[[ Data section open ]]

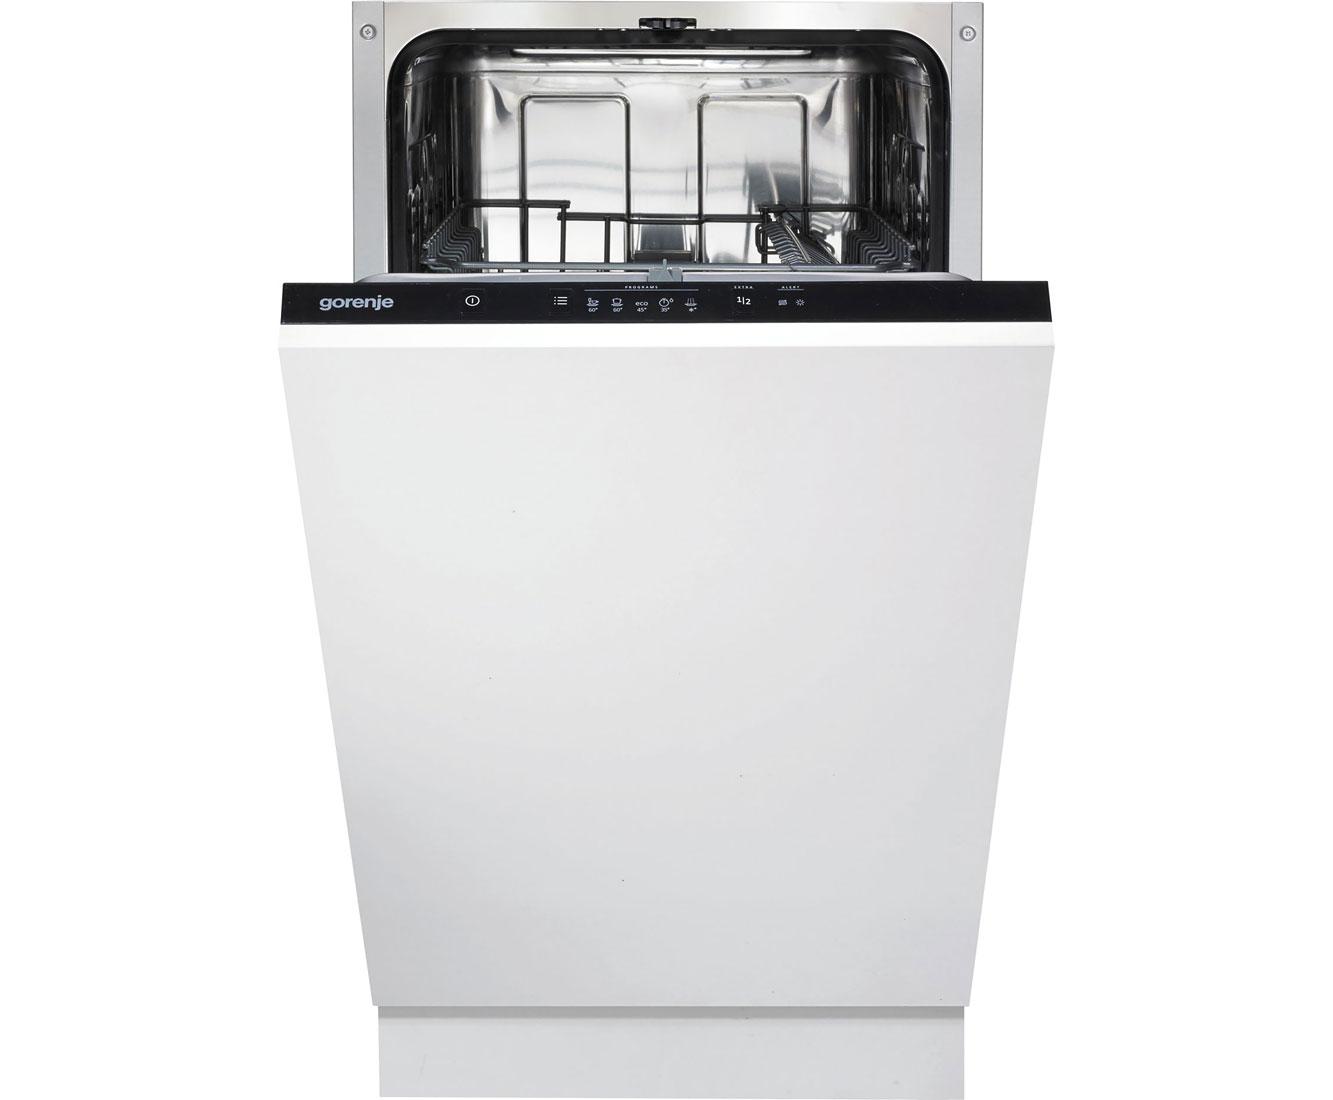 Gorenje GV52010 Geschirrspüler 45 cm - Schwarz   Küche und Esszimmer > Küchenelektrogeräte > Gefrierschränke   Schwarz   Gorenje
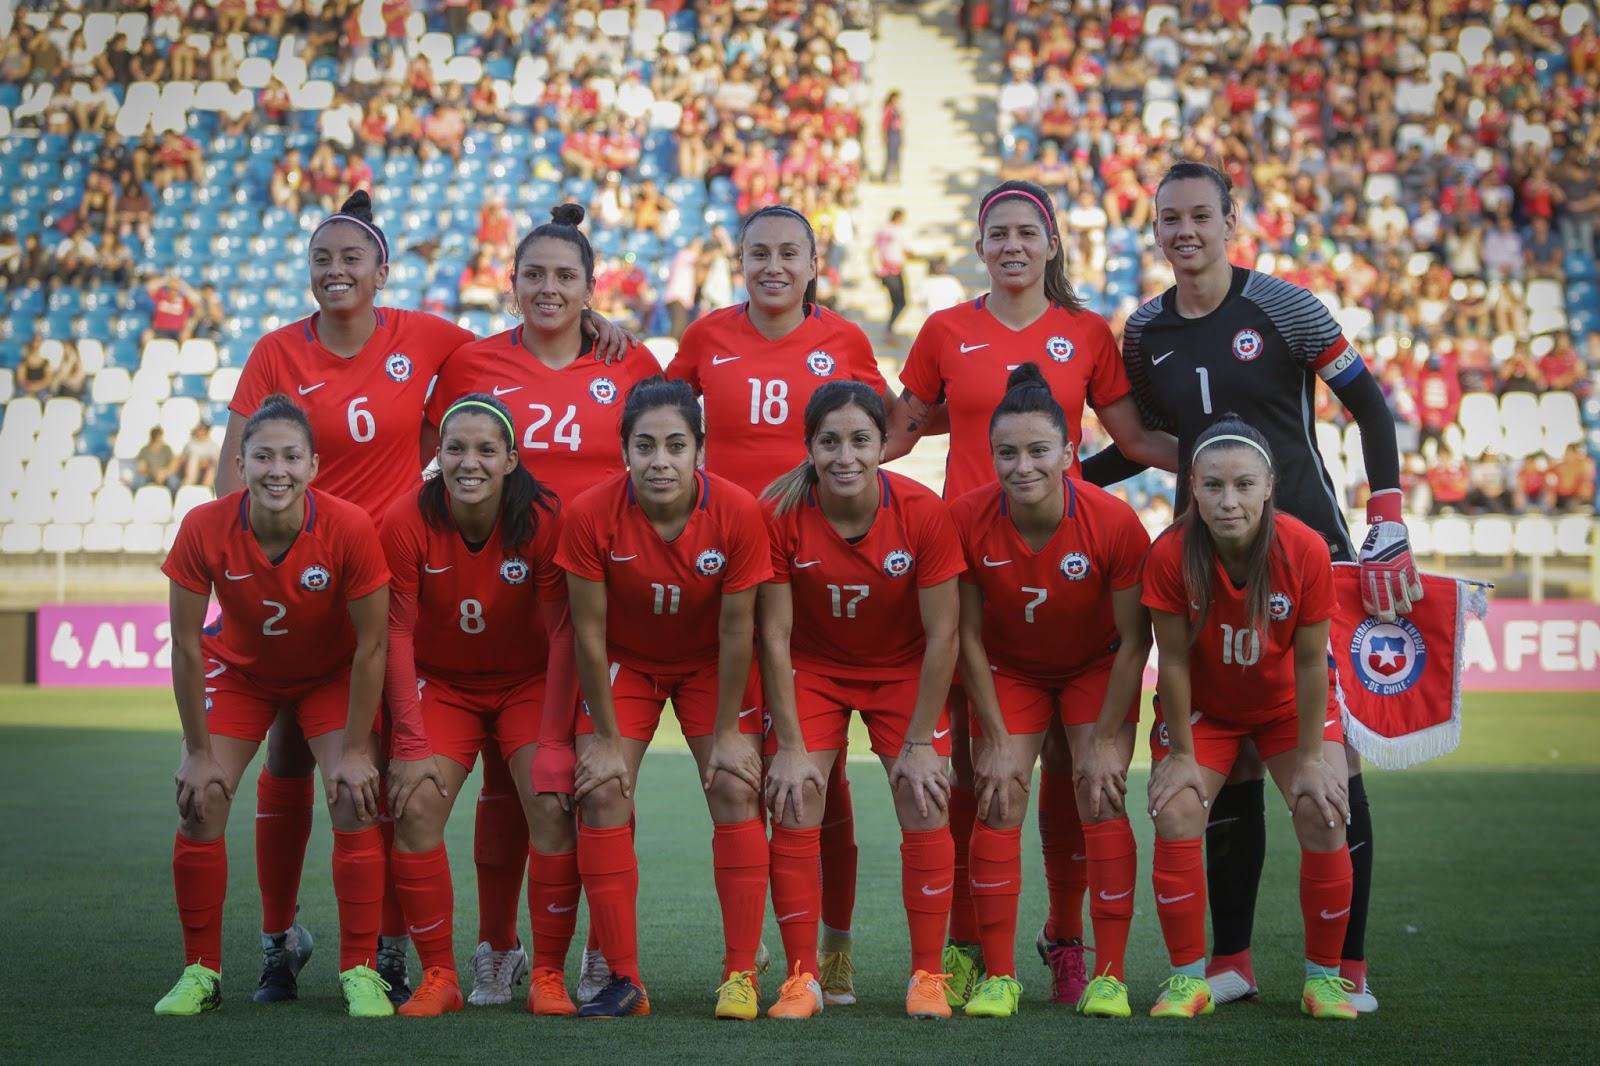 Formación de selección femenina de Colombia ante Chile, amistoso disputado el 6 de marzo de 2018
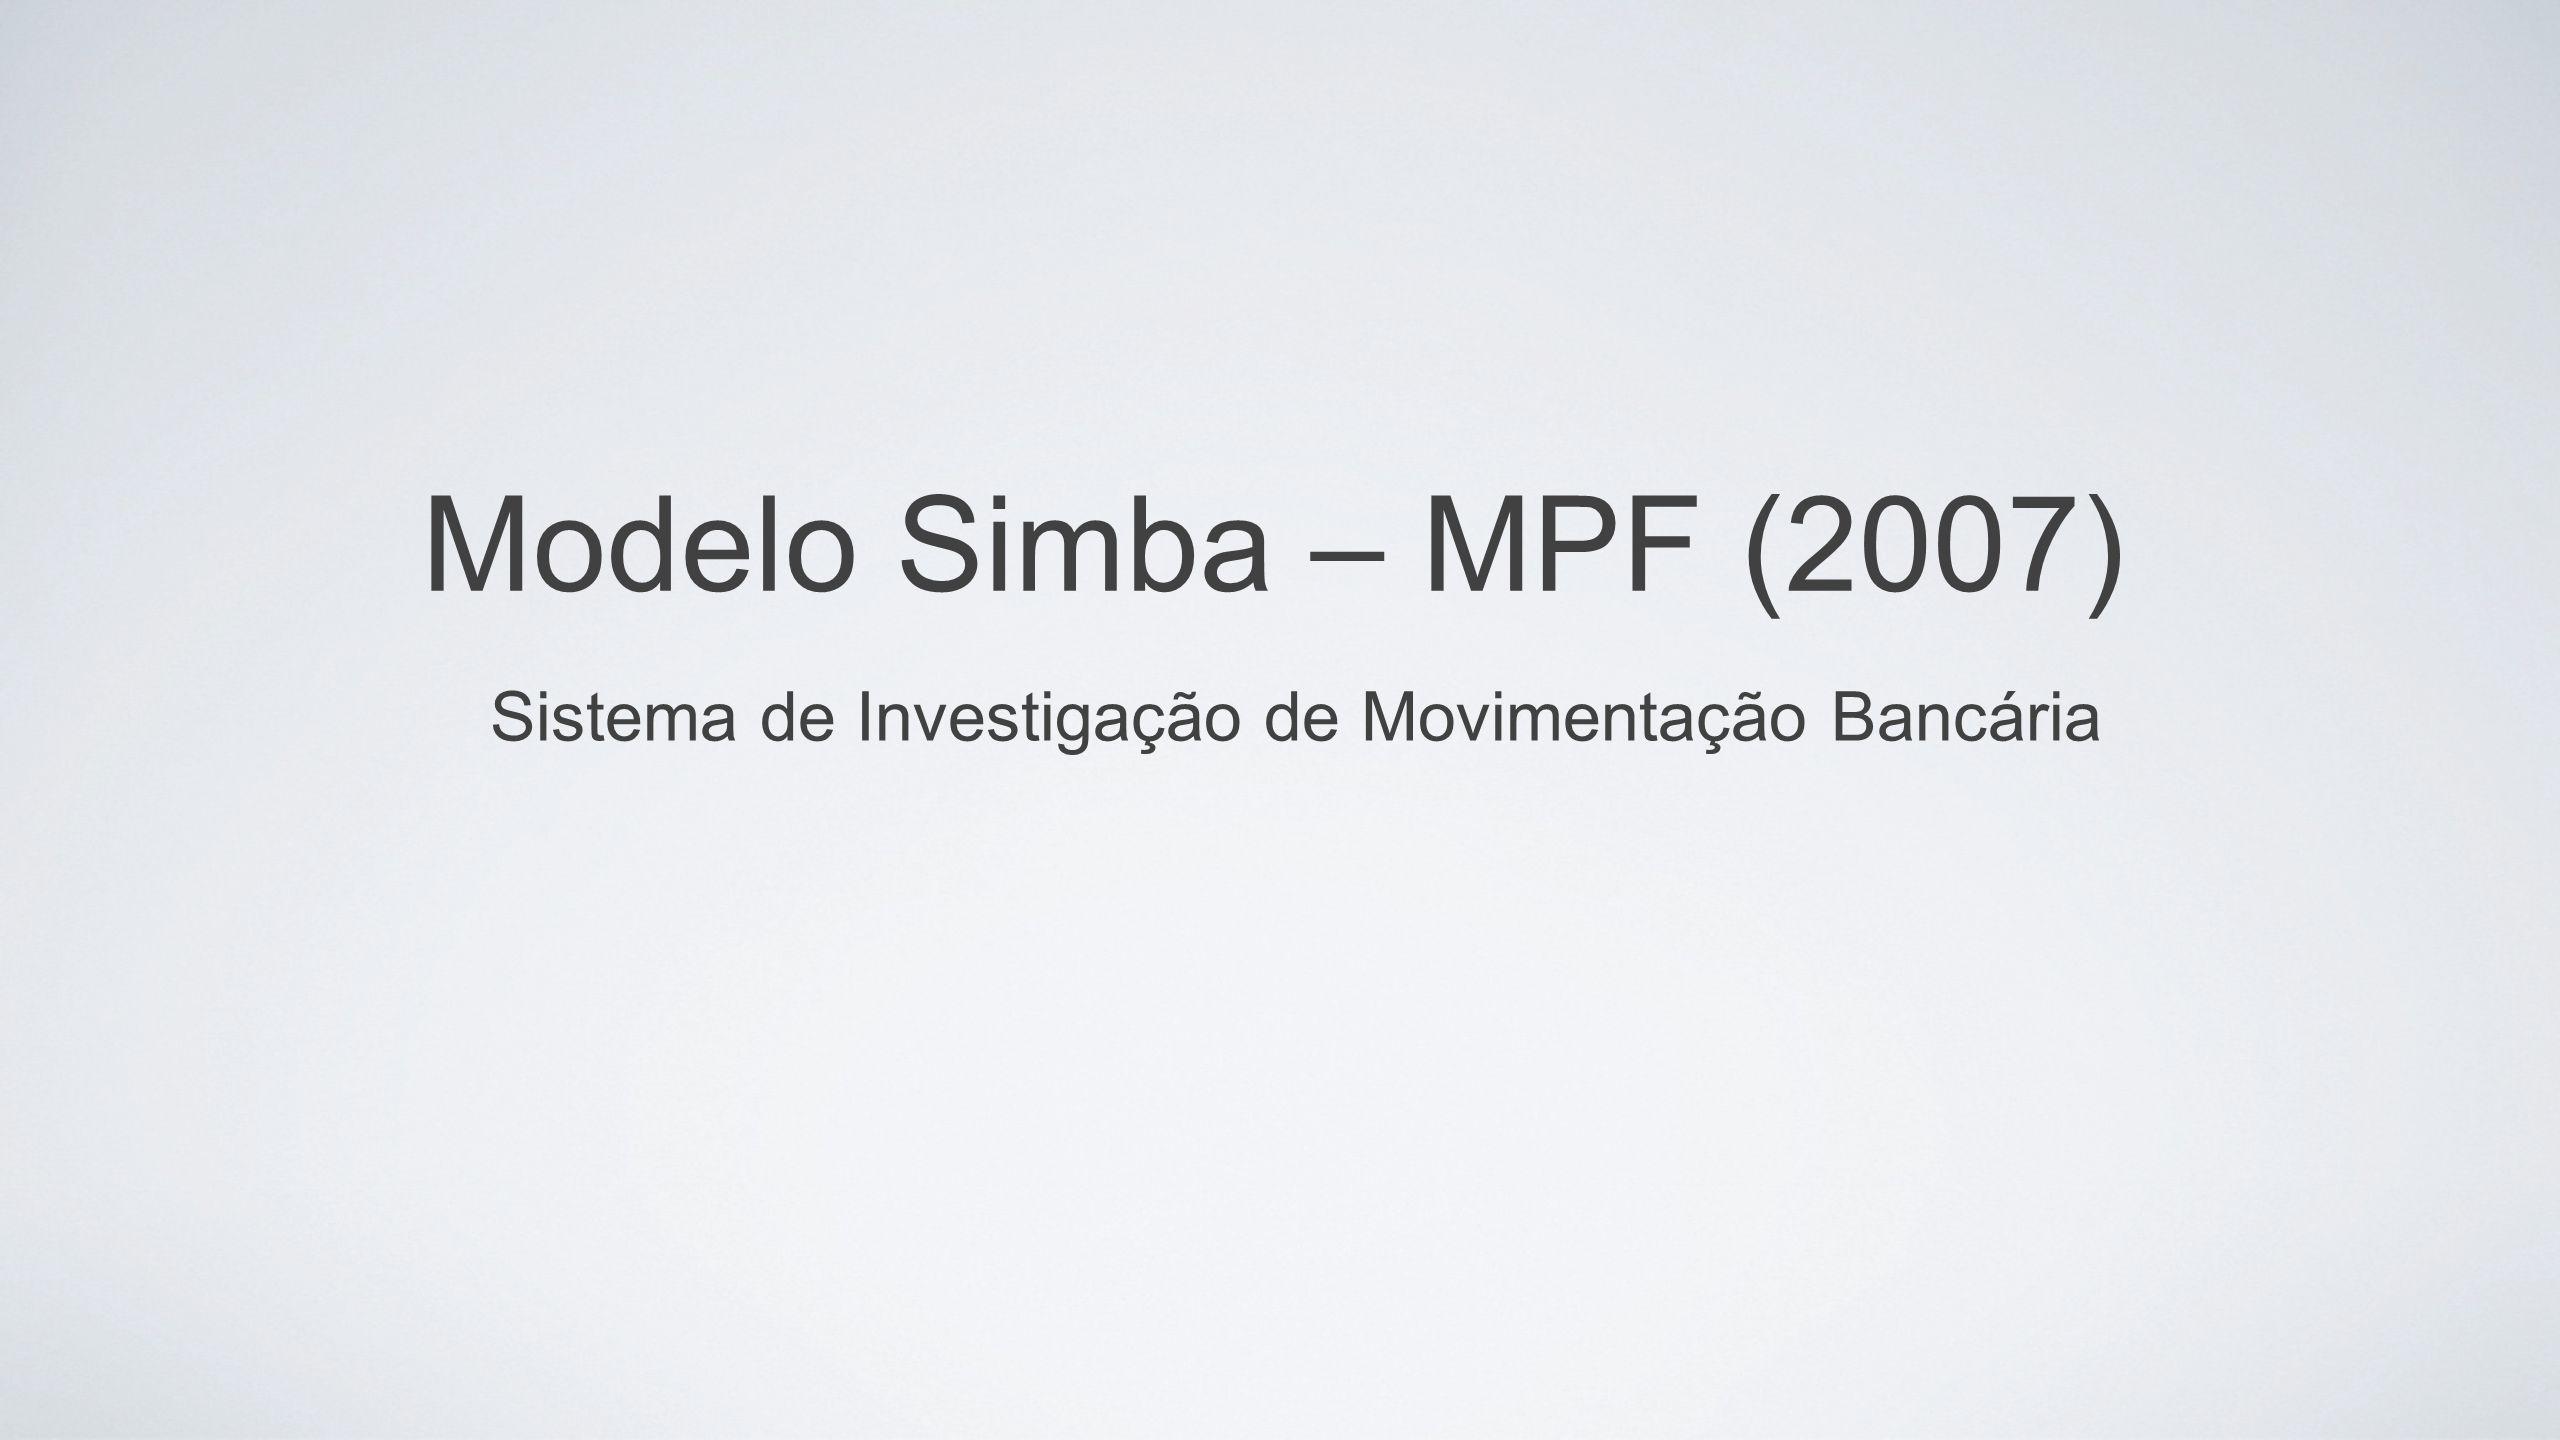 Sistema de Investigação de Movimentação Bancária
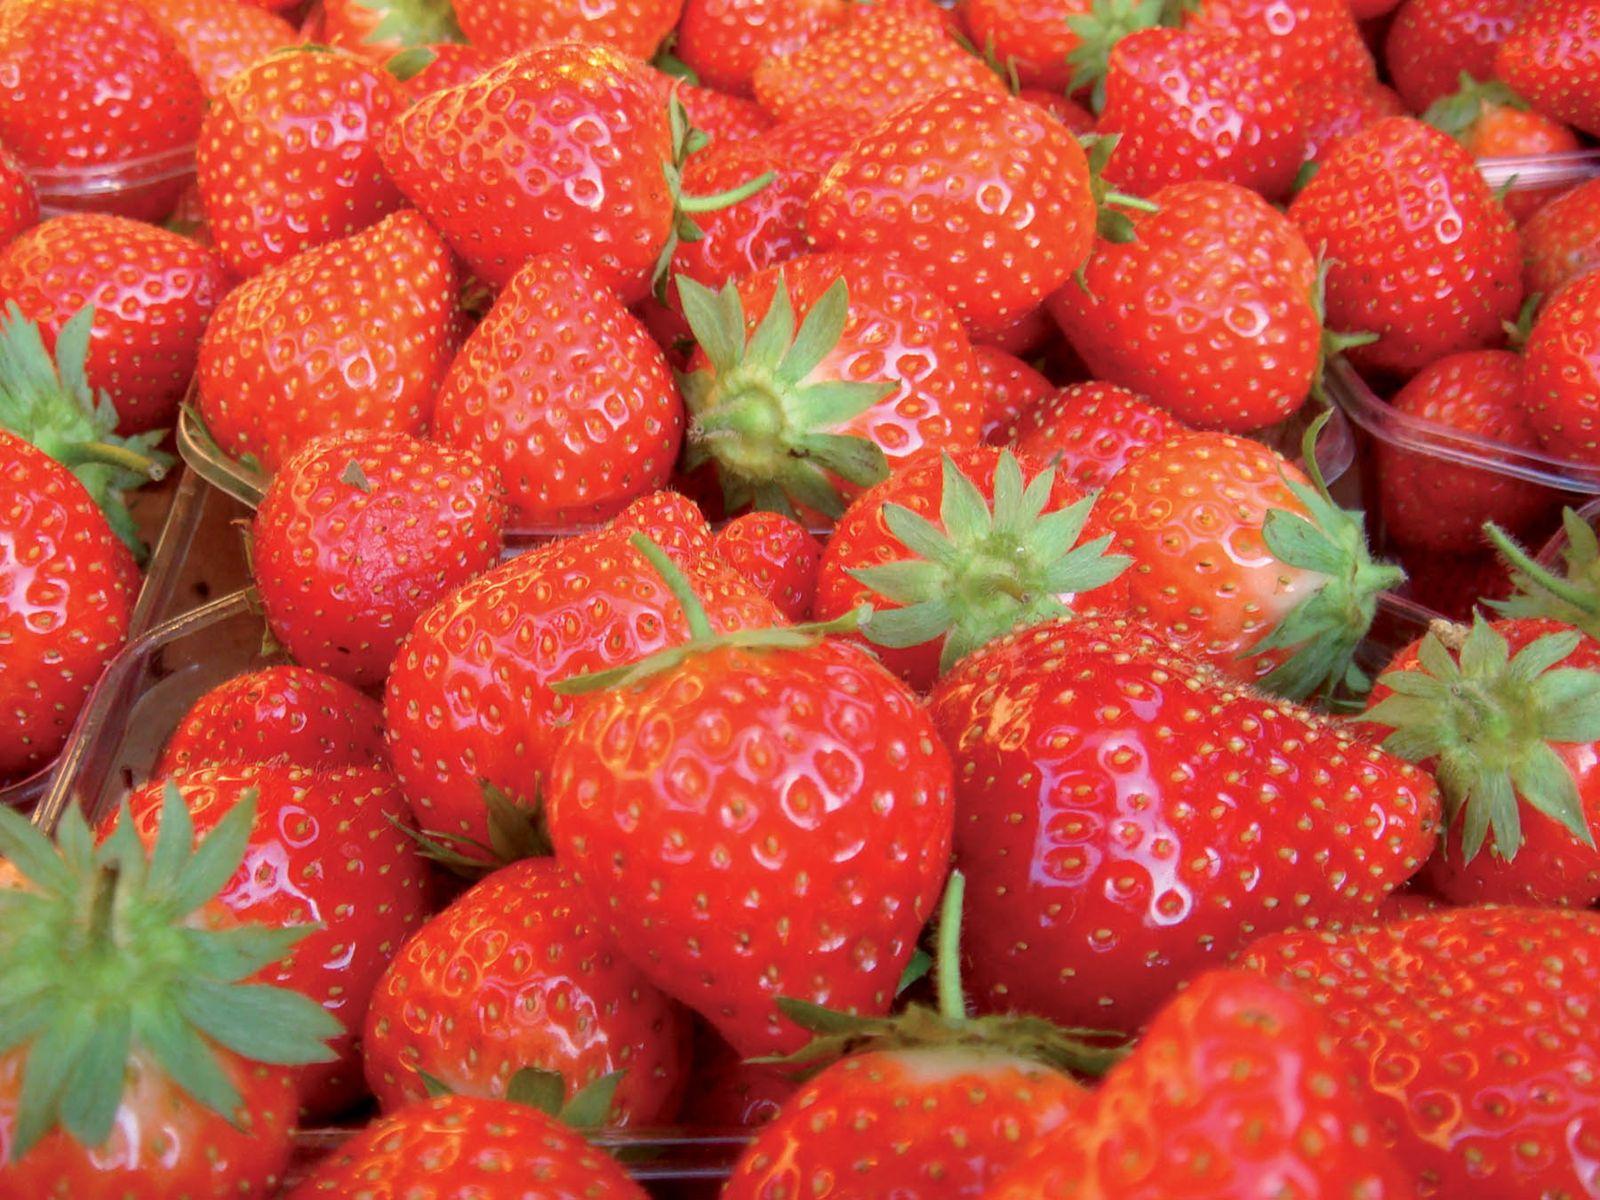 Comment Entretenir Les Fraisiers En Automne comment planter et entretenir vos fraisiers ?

[[ Data section closed ]]

Exercise – Leaving the pictures aside, transcribe the entire listing exactly.

Final answer –
 Gorenje GV52010 Geschirrspüler 45 cm - Schwarz   Küche und Esszimmer > Küchenelektrogeräte > Gefrierschränke   Schwarz   Gorenje
 Formación de selección femenina de Colombia ante Chile, amistoso disputado el 6 de marzo de 2018
 Sistema de Investigação de Movimentação Bancária
 Comment Entretenir Les Fraisiers En Automne comment planter et entretenir vos fraisiers ?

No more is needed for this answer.